If you are manually including libraries for management (that is, if you specified EXCLAUTO=* in your parameter data set), you tune CA PMO in the following way:
Note: In a production environment, CA PMO should resolve 90% of private library searches. In a testing environment, it should resolve 80% of the searches.
Your main goal at this time is to reduce the number of I/O directory searches of private libraries. I/O directory searches happen for all members of private libraries that do not have hash tables. This kind of problem is particularly undesirable when libraries with hash tables are listed before libraries without hash tables in a concatenation.
When CA PMO searches the hash tables but the sought-for member belongs to a library that does not have a hash table, the search is particularly inefficient. This is because the search must continue on DASD, starting with the first library in the concatenation. The DASD I/O search occurs against all libraries in the concatenation up to the library that contains the sought-for member. The directories of all of the libraries in the concatenation are searched if the member does not belong to any of the libraries in the concatenation.
The following example illustrates this problem and explains how to solve it. Assume that the concatenation shown in the following example has three libraries:
//PDSDD DD DSN=HASHTAB.LIB1 // DD DSN=HASHTAB.LIB2 // DD DSN=NO.HASHTAB.LIB
Suppose that a sought-for member resides in NO.HASHTAB.LIB. NO.HASHTAB.LIB is not managed in a hash table. Also suppose that HASHTAB.LIB1 and HASHTAB.LIB2 are managed in hash tables. In this situation, CA PMO first looks in the hash table for HASHTAB.LIB1, then it looks in the hash table for HASHTAB.LIB2. Finally, since the sought-for member will not have an entry in the hash tables, CA PMO initiates an I/O directory search of NOHASHTAB.LIB. Due to the way that library directories are searched on DASD, this search must begin with the directory of HASHTAB.LIB1, continue with HASHTAB.LIB2, and conclude with NOHASHTAB.LIB. This is wasteful, since HASHTAB.LIB1 and HASHTAB.LIB2 are each searched twice. The same situation occurs when a sought-for member is not in any of the libraries in this concatenation.
If NO.HASHTAB.LIB is managed in a hash table, the problem is eliminated.
Important! If you allow CA PMO to manage your private libraries automatically, it would manage NO.HASHTAB.LIB if directory search activity warrants it.
If you want to prevent CA PMO from managing your libraries automatically, follow this procedure to locate the libraries that are causing these I/O searches:
Examine the PMOMON D9 display and include up to 30 more libraries for management in hash tables. This will probably resolve the problem, but if it persists, try the next step.

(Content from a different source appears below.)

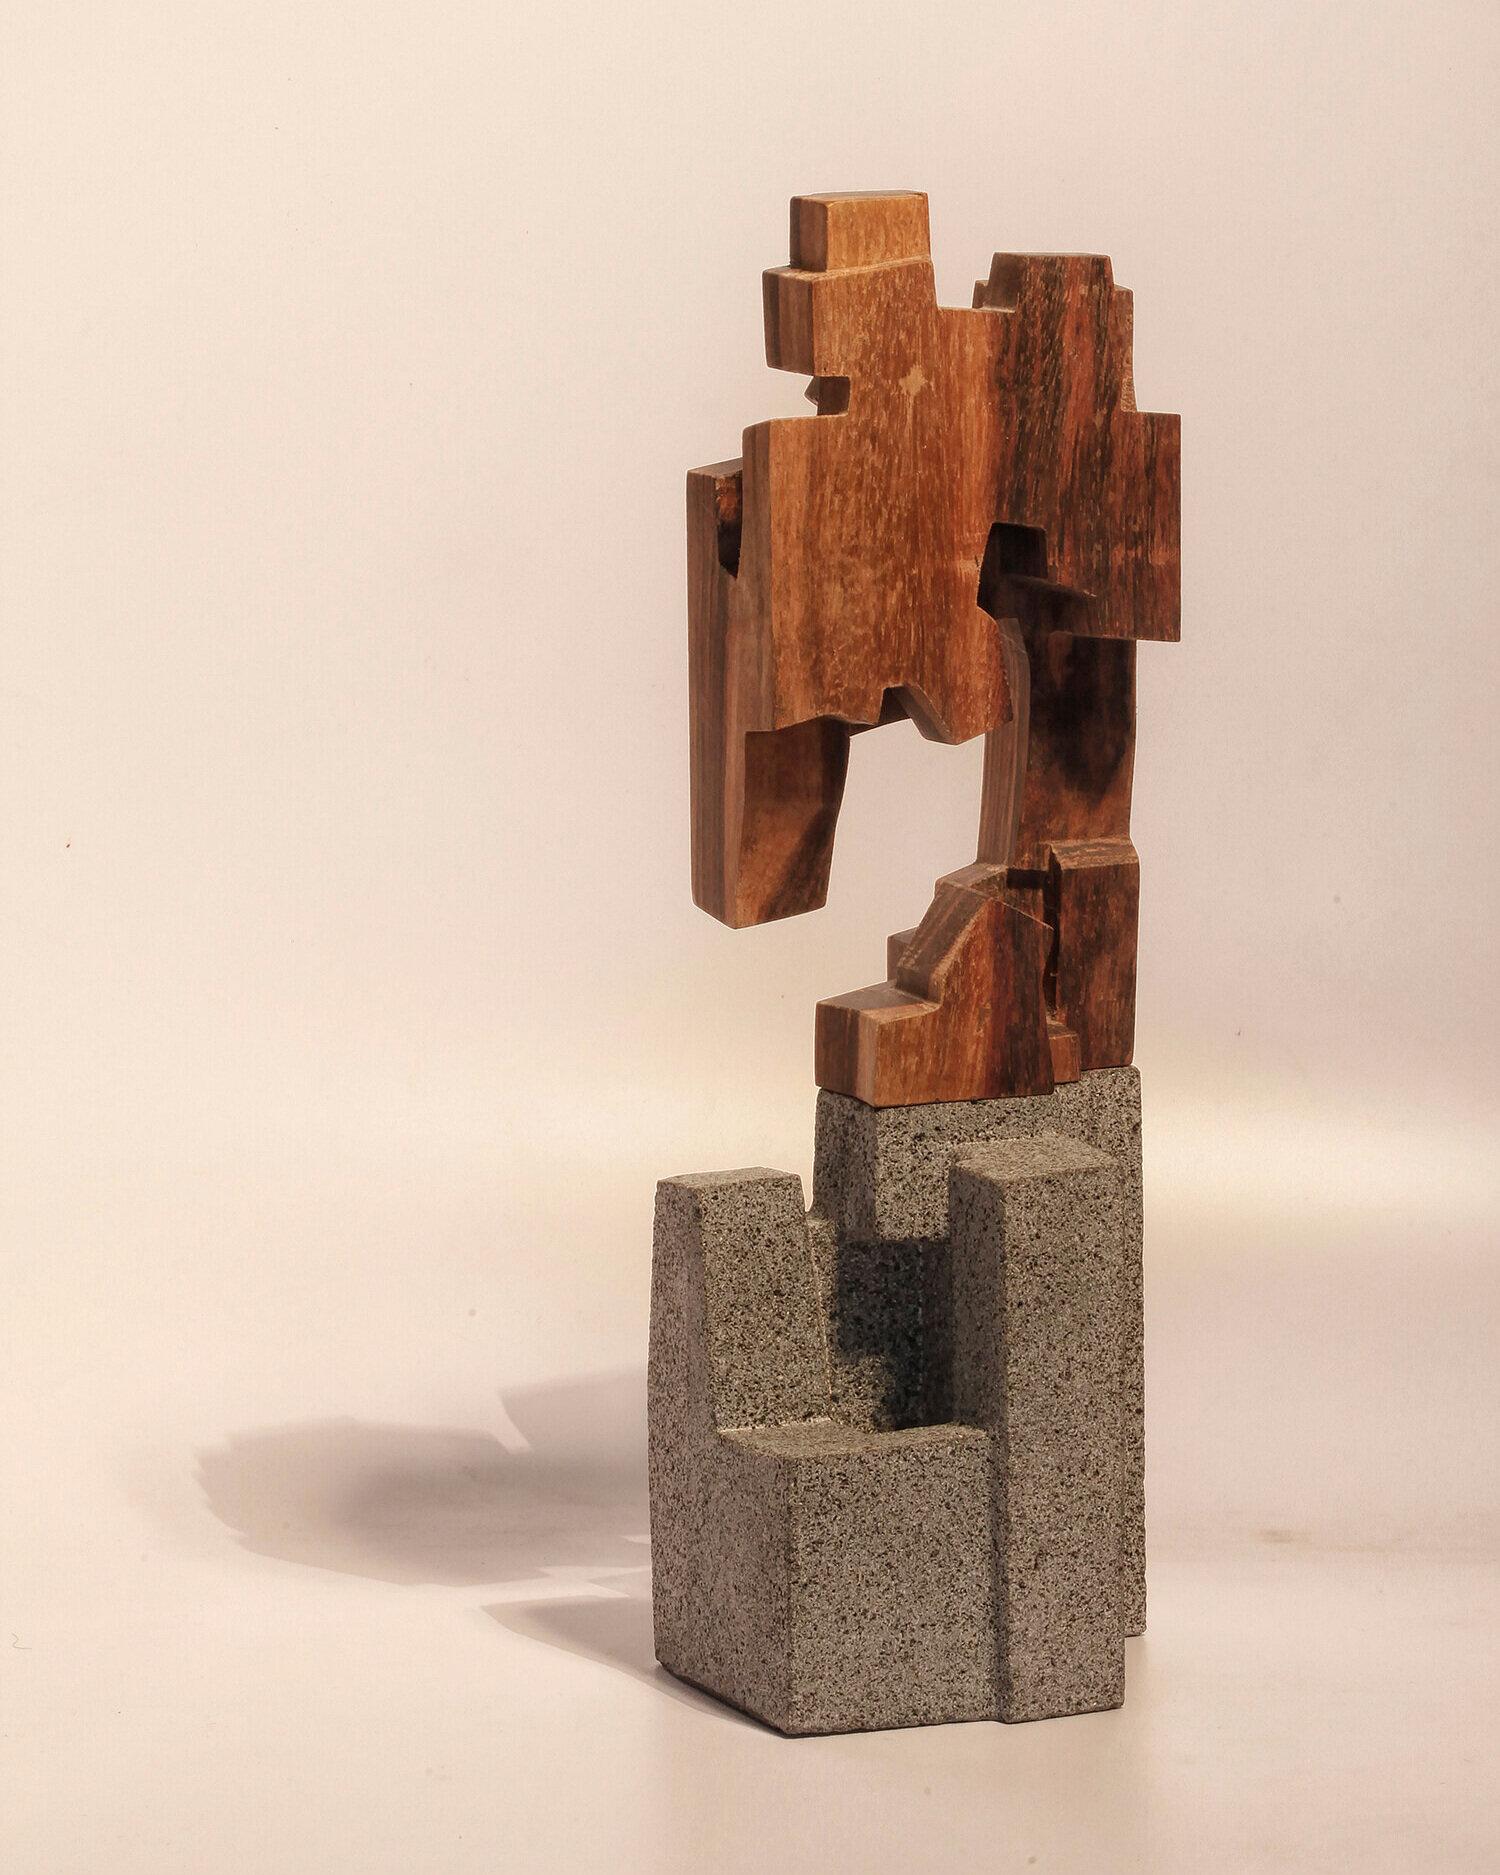 web-sin-titulo-untitled-sculpture-wood-volcanic-stone-3Jorge-Yazpik-MarionFriedmannGallerylr.jpg

Issue the following command to obtain an offline report for each library with a hash table:
F PMO,PRVTRPT=ALL,NM
Look in the first section of the report for libraries with high counts under DUE TO CONCATENATED LIB. These libraries are not the problem, but they are concatenated to the libraries that are the problem. Examine system tasks, batch jobs, and online systems and ask users to identify jobs that issue BLDL/FIND requests against the libraries in the reports. The problematic libraries occur after the managed libraries in the concatenation. For instance, in this example you would ask your users which libraries are concatenated with HASHTAB.LIB1 and HASHTAB.LIB2. Once you find the nuisance libraries, (in this case, NO.HASHTAB.LIB), ensure that CA PMO manages them in hash tables.